§ **SUPPLIED INFORMATION**
※

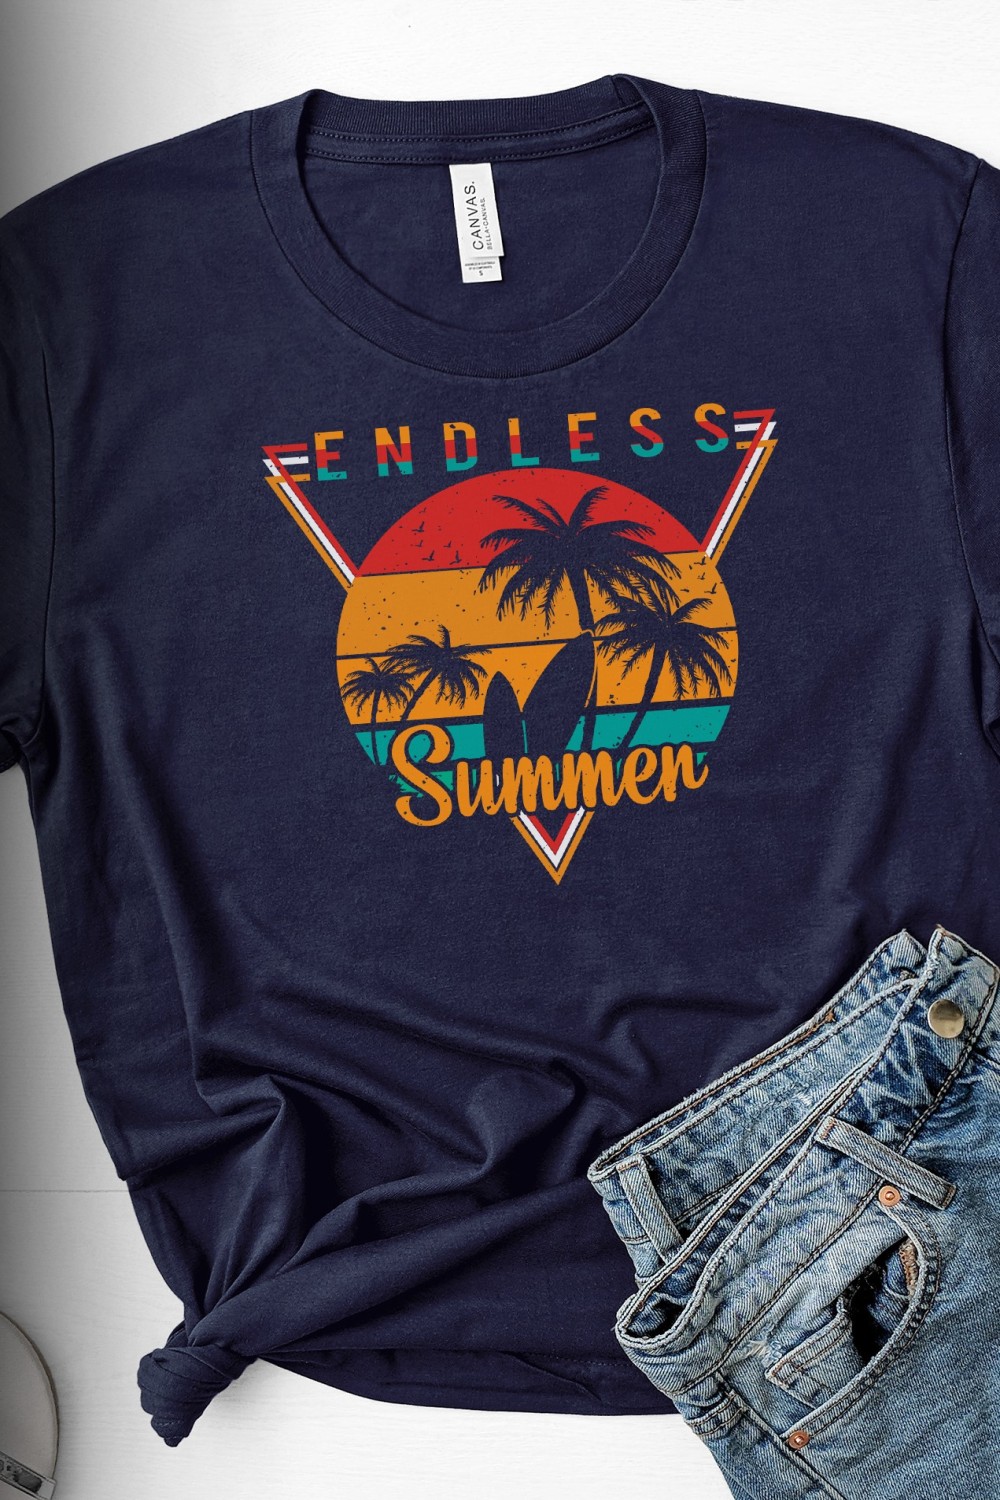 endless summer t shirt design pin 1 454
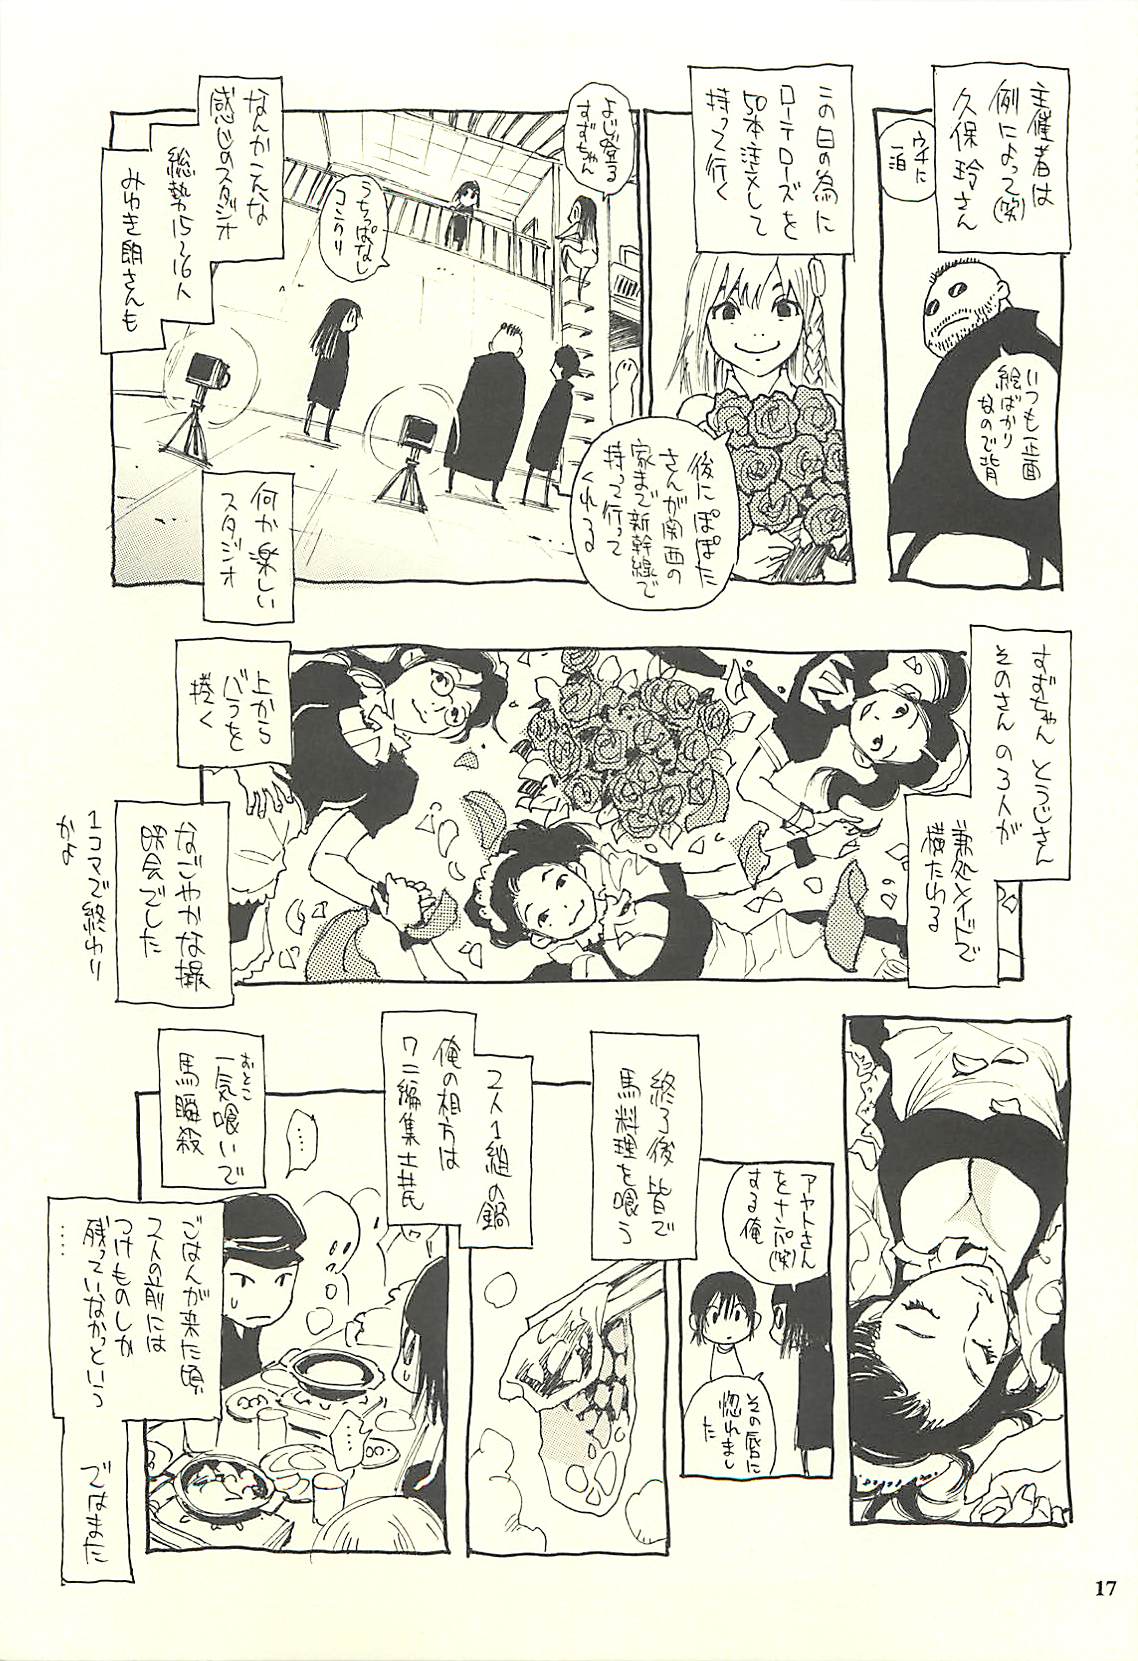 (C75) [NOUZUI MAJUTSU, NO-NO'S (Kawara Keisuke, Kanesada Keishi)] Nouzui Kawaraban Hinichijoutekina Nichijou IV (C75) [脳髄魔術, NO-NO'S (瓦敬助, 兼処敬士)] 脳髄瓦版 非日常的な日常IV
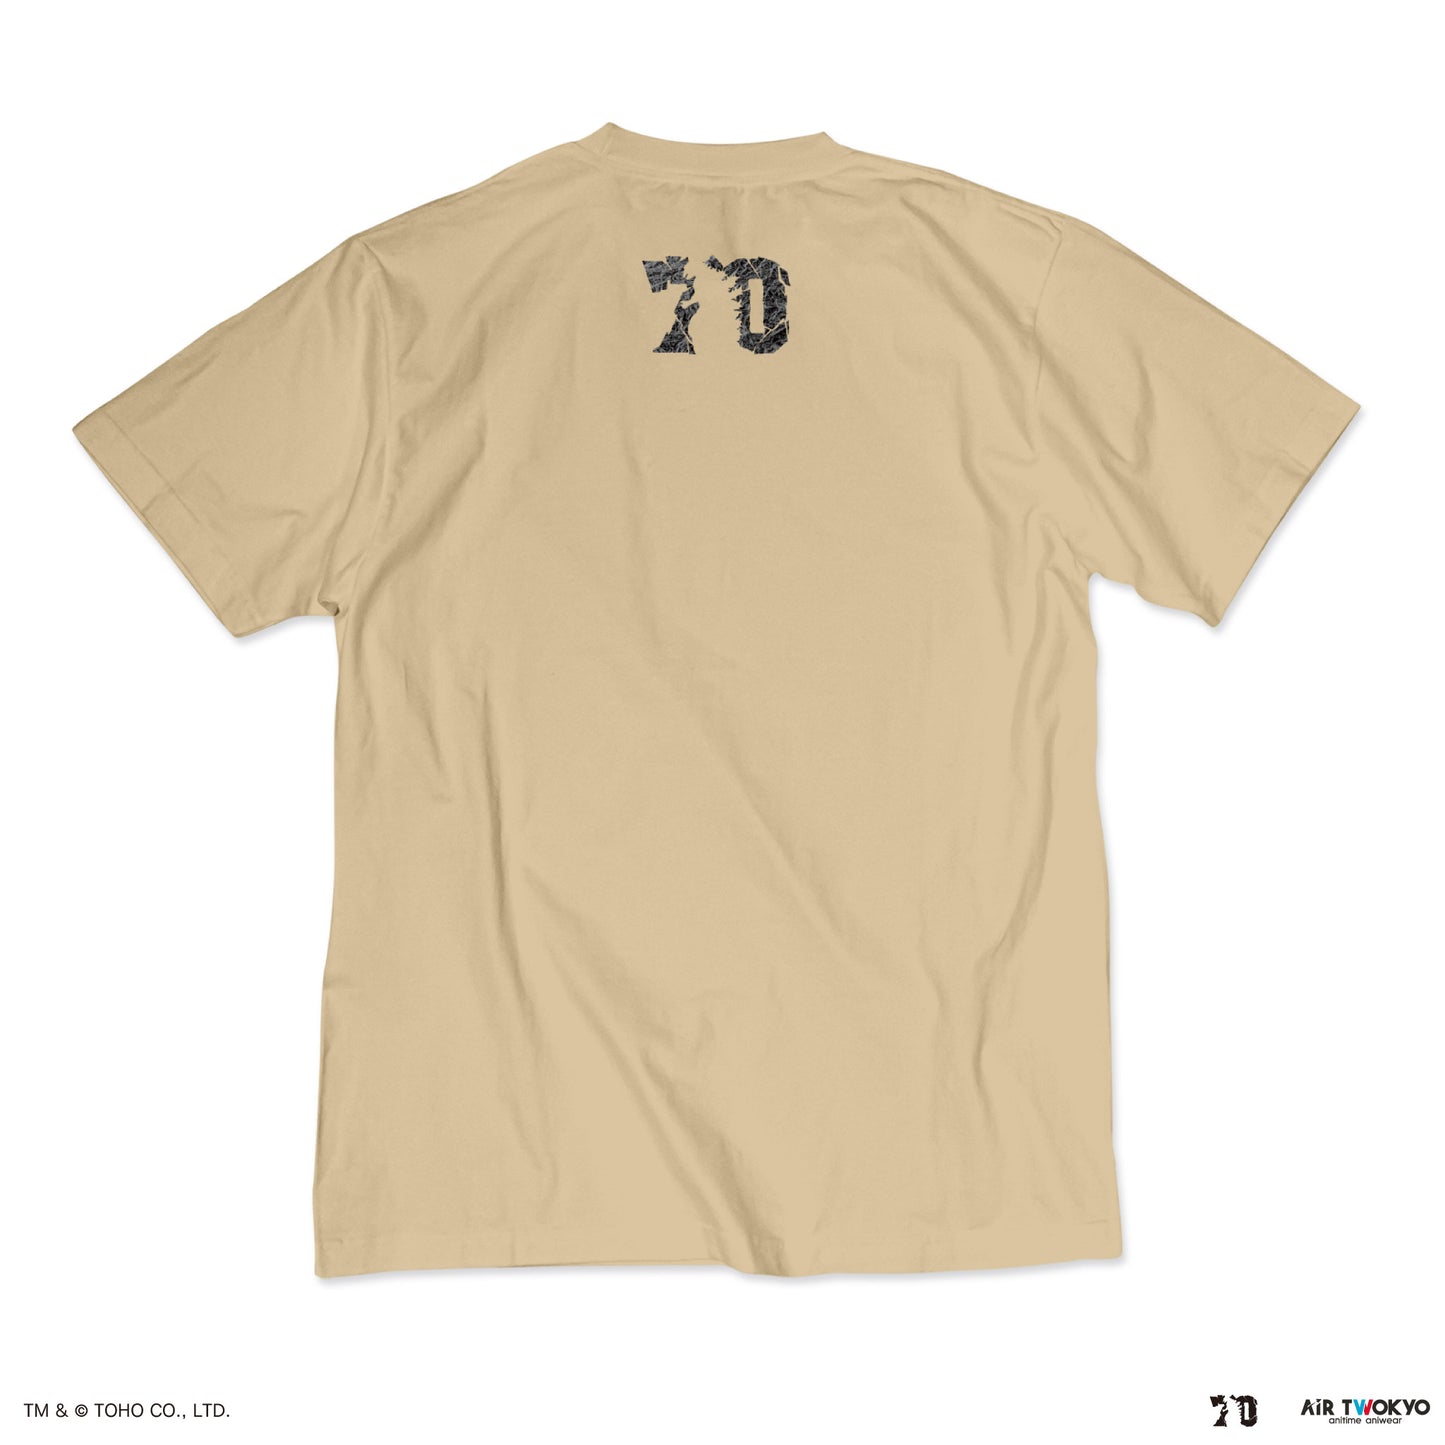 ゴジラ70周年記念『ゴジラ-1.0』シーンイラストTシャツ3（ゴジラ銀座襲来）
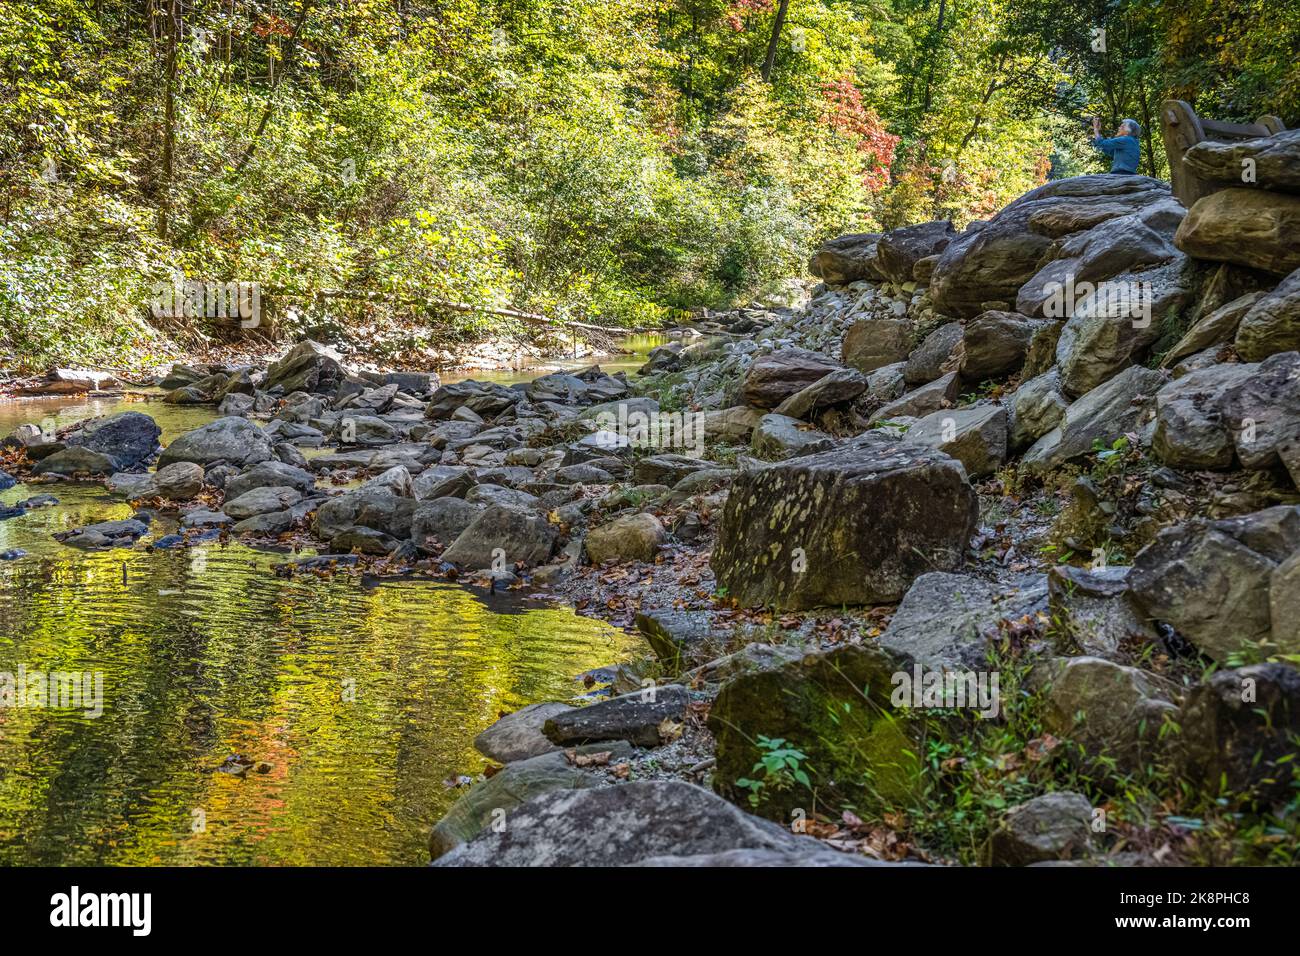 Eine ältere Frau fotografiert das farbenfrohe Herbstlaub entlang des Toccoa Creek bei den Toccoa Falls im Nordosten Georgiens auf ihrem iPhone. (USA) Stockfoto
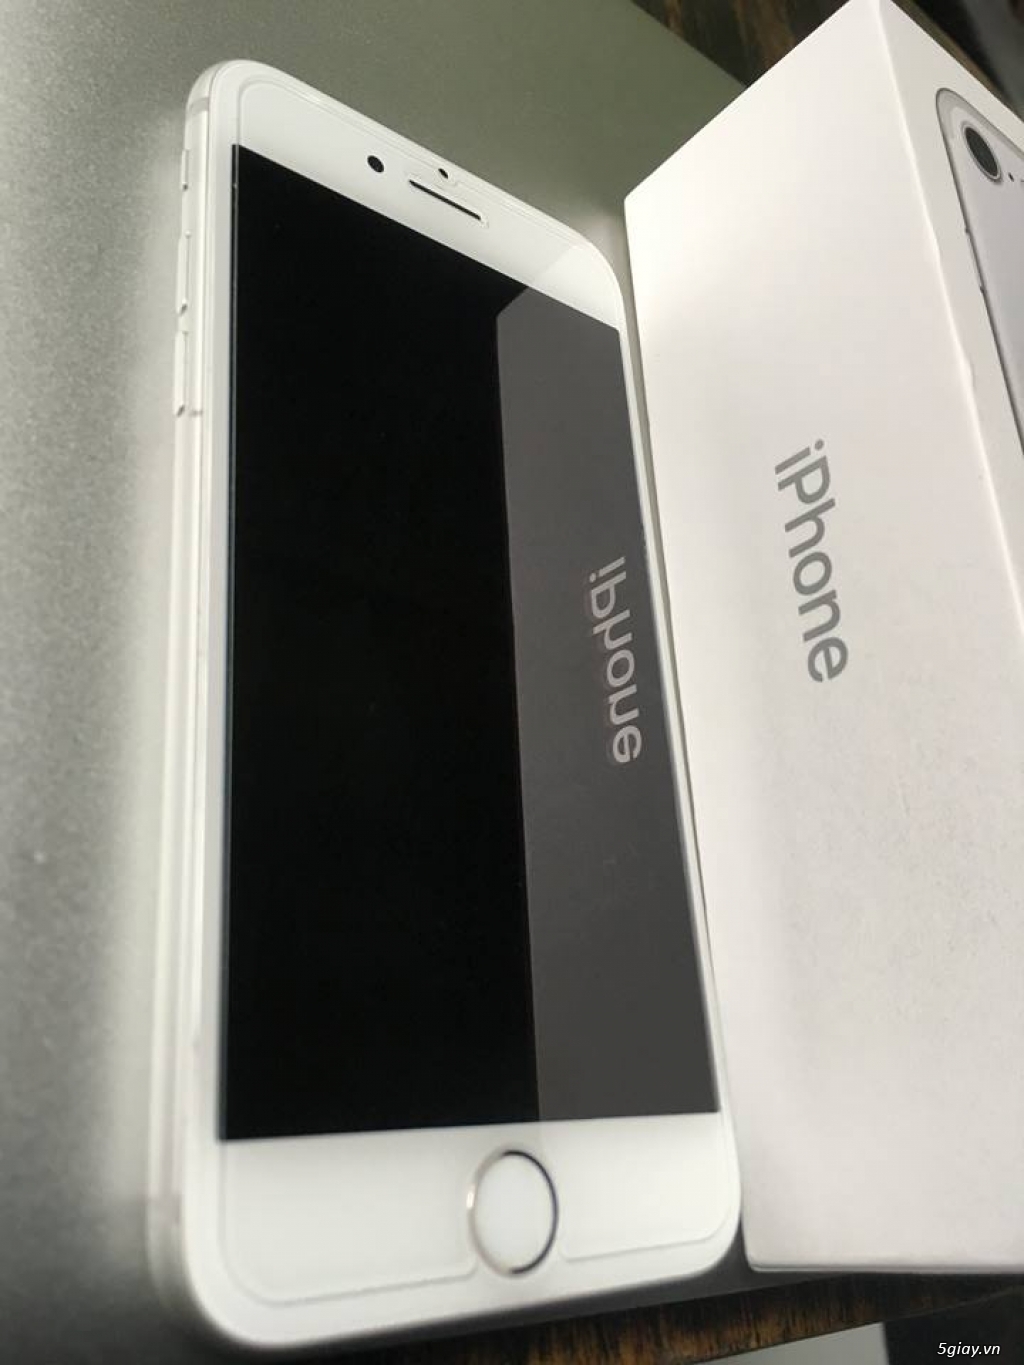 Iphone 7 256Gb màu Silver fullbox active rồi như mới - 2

※

Each entry above should be reproduced exactly, with the pictures removed.

§ **SOLUTION**
 endless summer t shirt design pin 1 454
 (C75) [NOUZUI MAJUTSU, NO-NO'S (Kawara Keisuke, Kanesada Keishi)] Nouzui Kawaraban Hinichijoutekina Nichijou IV (C75) [脳髄魔術, NO-NO'S (瓦敬助, 兼処敬士)] 脳髄瓦版 非日常的な日常IV
 ゴジラ70周年記念『ゴジラ-1.0』シーンイラストTシャツ3（ゴジラ銀座襲来）
 Eine ältere Frau fotografiert das farbenfrohe Herbstlaub entlang des Toccoa Creek bei den Toccoa Falls im Nordosten Georgiens auf ihrem iPhone. (USA) Stockfoto
 Iphone 7 256Gb màu Silver fullbox active rồi như mới - 2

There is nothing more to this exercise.